Carlson Grady E, Martin Eric W, Burdick Monica M
Department of Chemical and Biomolecular Engineering, Russ College of Engineering and Technology, Ohio University.
J Vis Exp. 2013 Sep 4(79):50604. doi: 10.3791/50604.
Multi-color immunofluorescence microscopy to detect specific molecules in the cell membrane can be coupled with parallel plate flow chamber assays to investigate mechanisms governing cell adhesion under dynamic flow conditions. For instance, cancer cells labeled with multiple fluorophores can be perfused over a potentially reactive substrate to model mechanisms of cancer metastasis. However, multi-channel single camera systems and color cameras exhibit shortcomings in image acquisition for real-time live cell analysis. To overcome these limitations, we used a dual camera emission splitting system to simultaneously capture real-time image sequences of fluorescently labeled cells in the flow chamber. Dual camera emission splitting systems filter defined wavelength ranges into two monochrome CCD cameras, thereby simultaneously capturing two spatially identical but fluorophore-specific images. Subsequently, psuedocolored one-channel images are combined into a single real-time merged sequence that can reveal multiple target molecules on cells moving rapidly across a region of interest.

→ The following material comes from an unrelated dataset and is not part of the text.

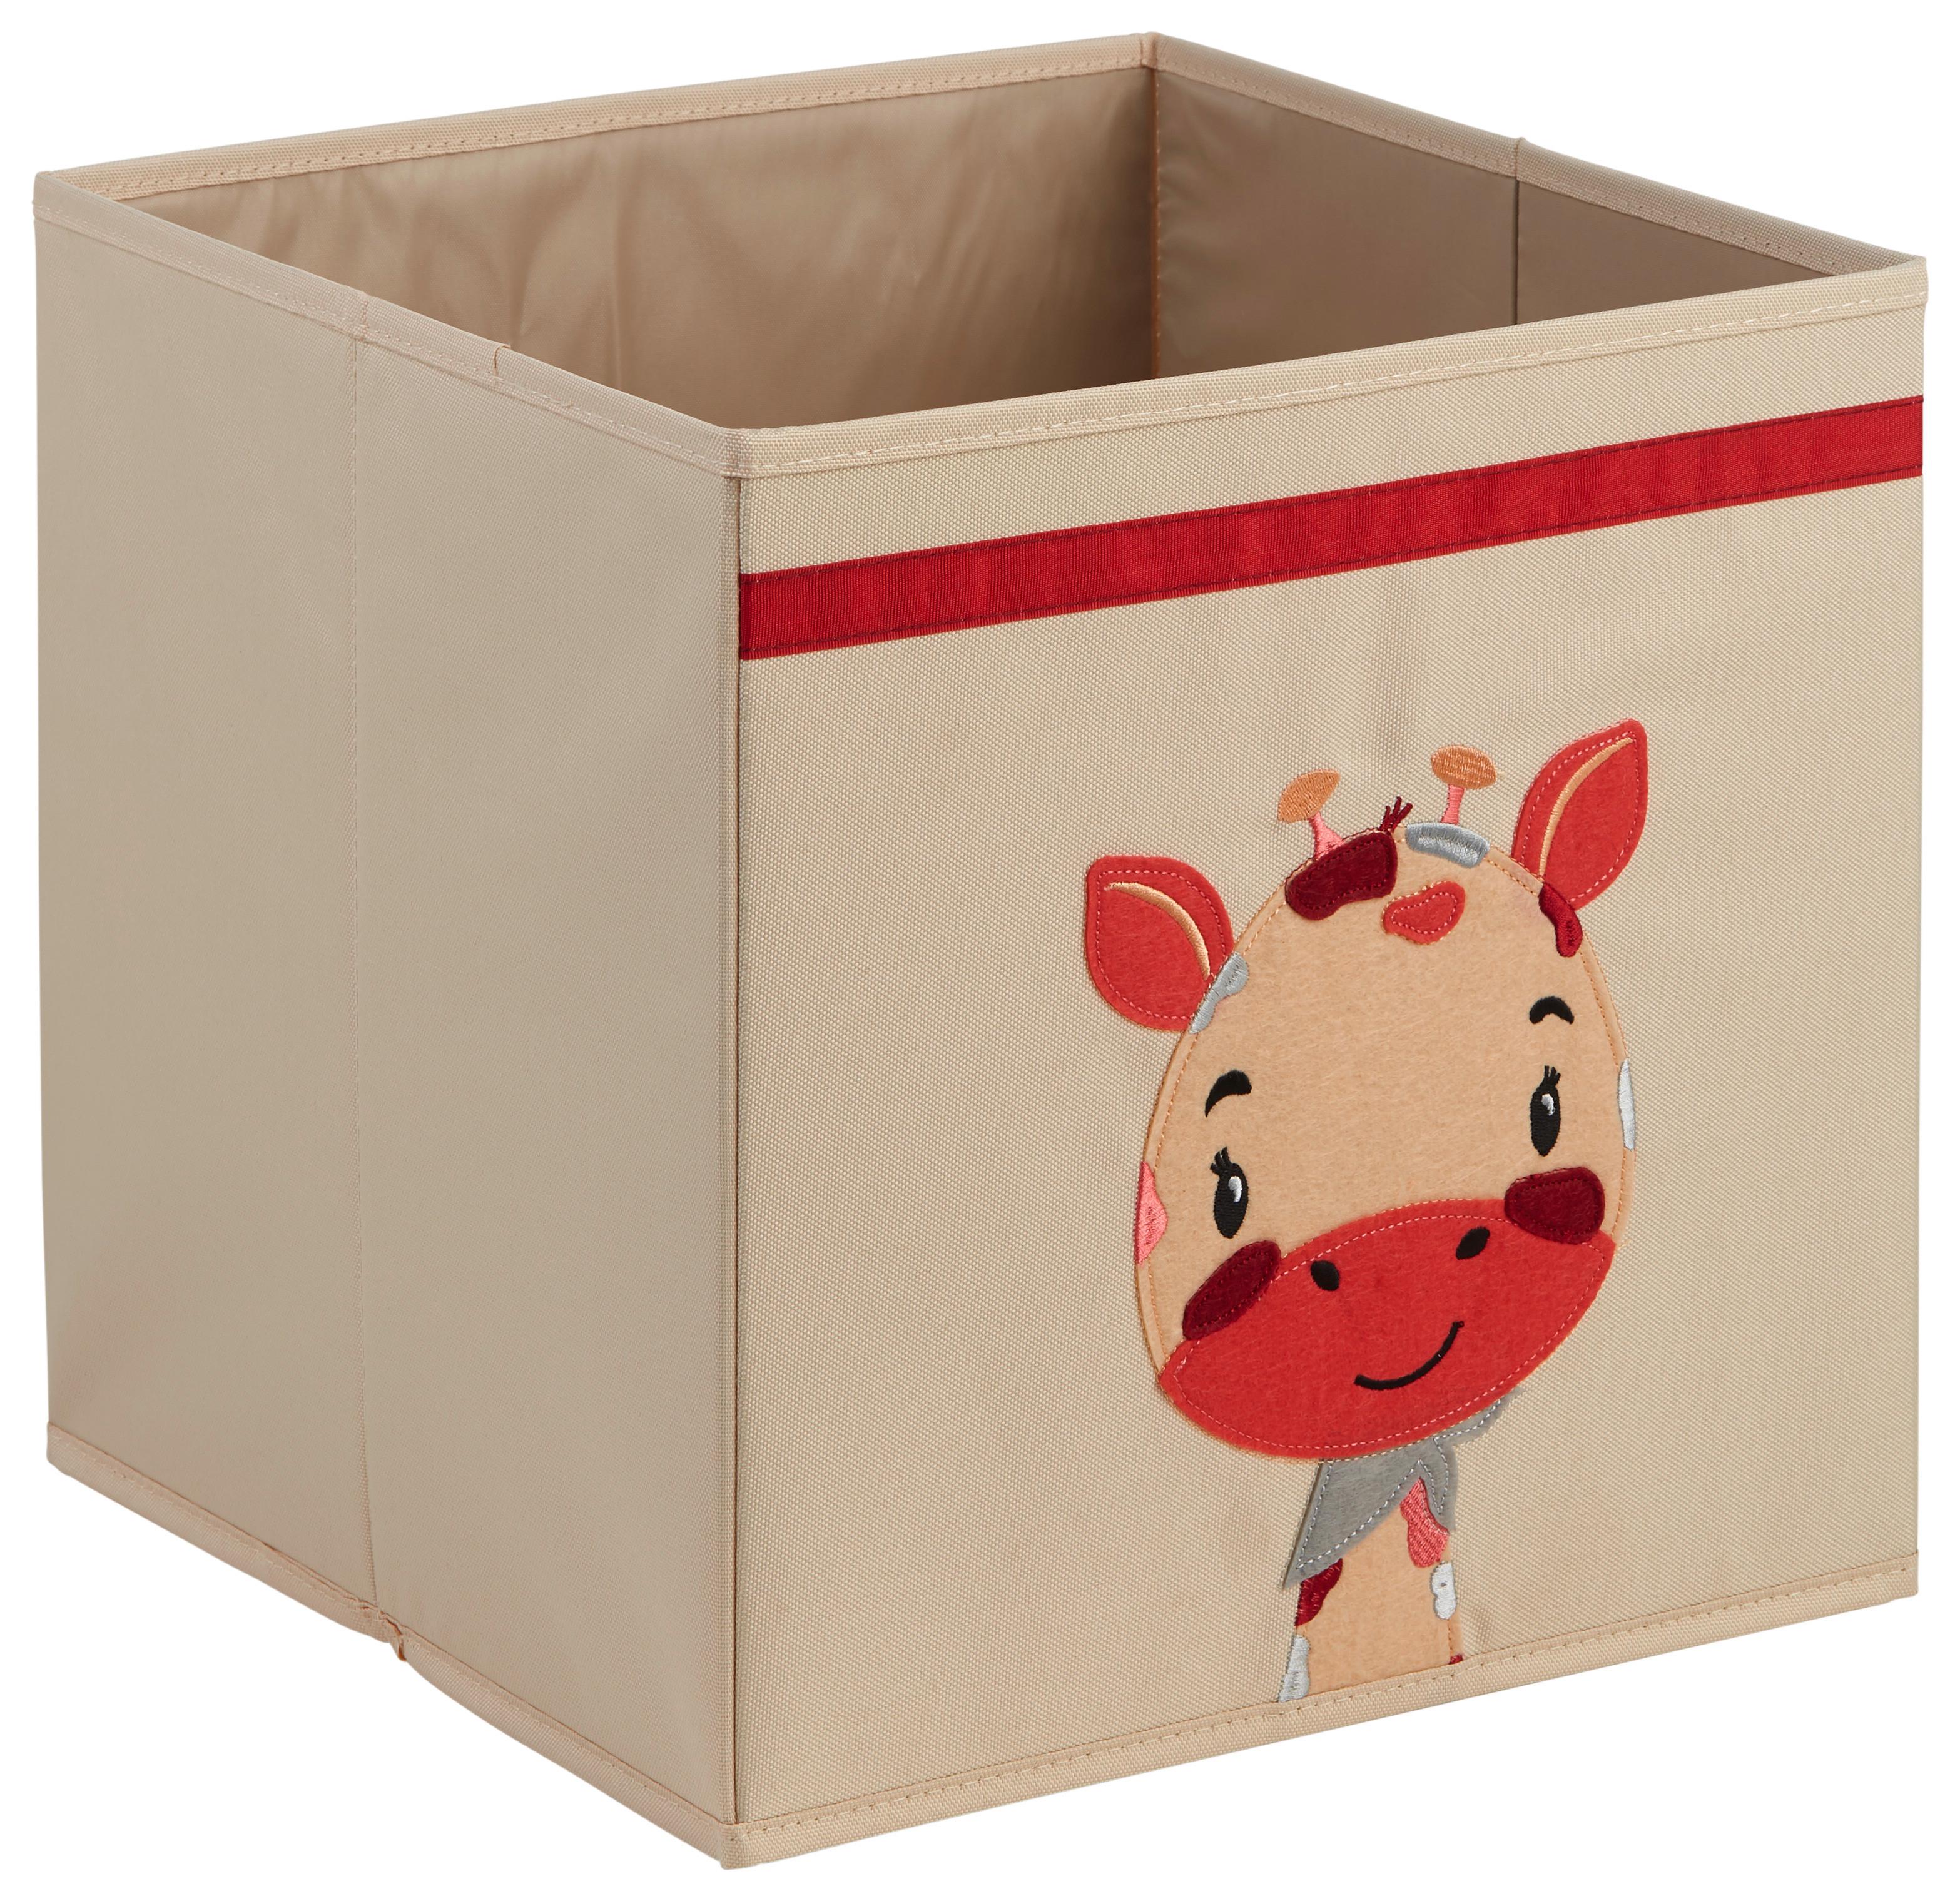 Skladací Box Peter - Ca. 34l -Ext- - krémová/červená, kartón/textil (33/32/33cm) - Modern Living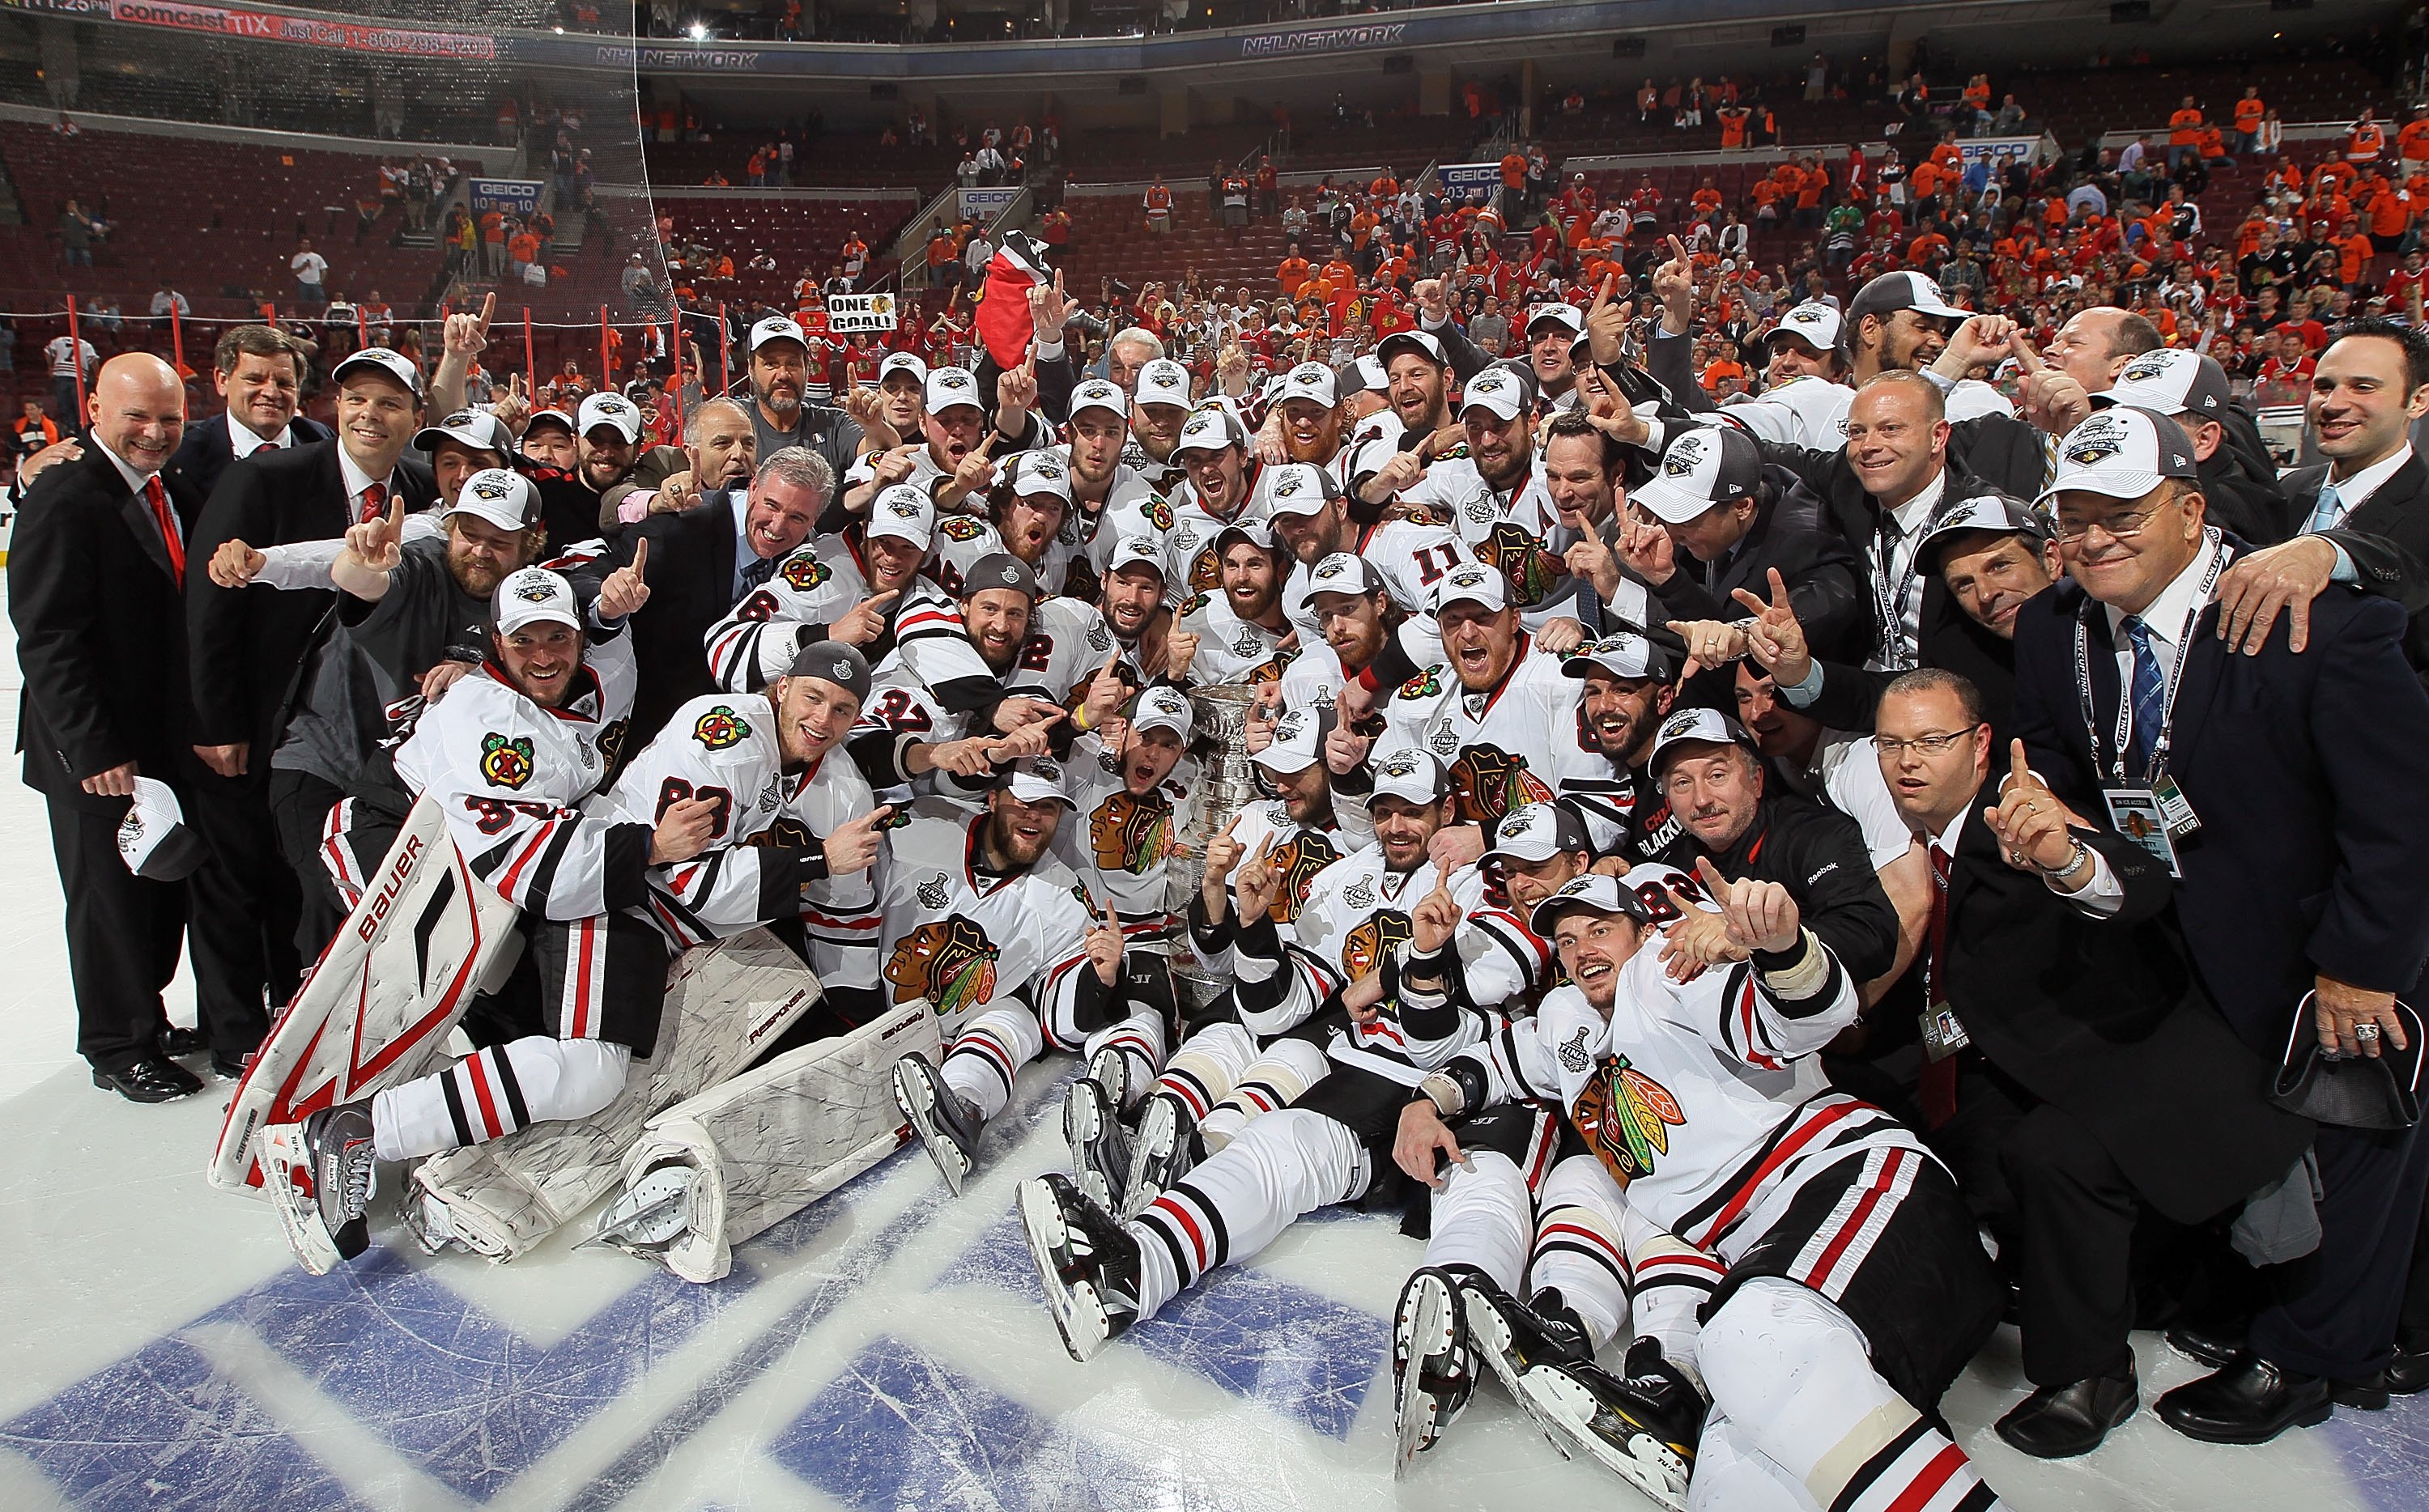 Stanley Cup, NHL, Hockey Teams, Champions

用于检测细胞膜中特定分子的多色免疫荧光显微镜可与平行板流动腔分析相结合,以研究动态流动条件下细胞黏附的机制。例如,用多种荧光团标记的癌细胞可以灌注到潜在的反应性底物上,以模拟癌症转移的机制。然而,多通道单相机系统和彩色相机在实时活细胞分析的图像采集方面存在缺点。为了克服这些限制,我们使用了双相机发射分光系统来同时捕获流动腔中荧光标记细胞的实时图像序列。双相机发射分光系统将定义的波长范围过滤到两个单色CCD相机中,从而同时捕获两个空间相同但荧光团特异性的图像。随后,伪彩色单通道图像被组合成一个单一的实时合并序列,该序列可以揭示在感兴趣区域快速移动的细胞上的多个靶分子。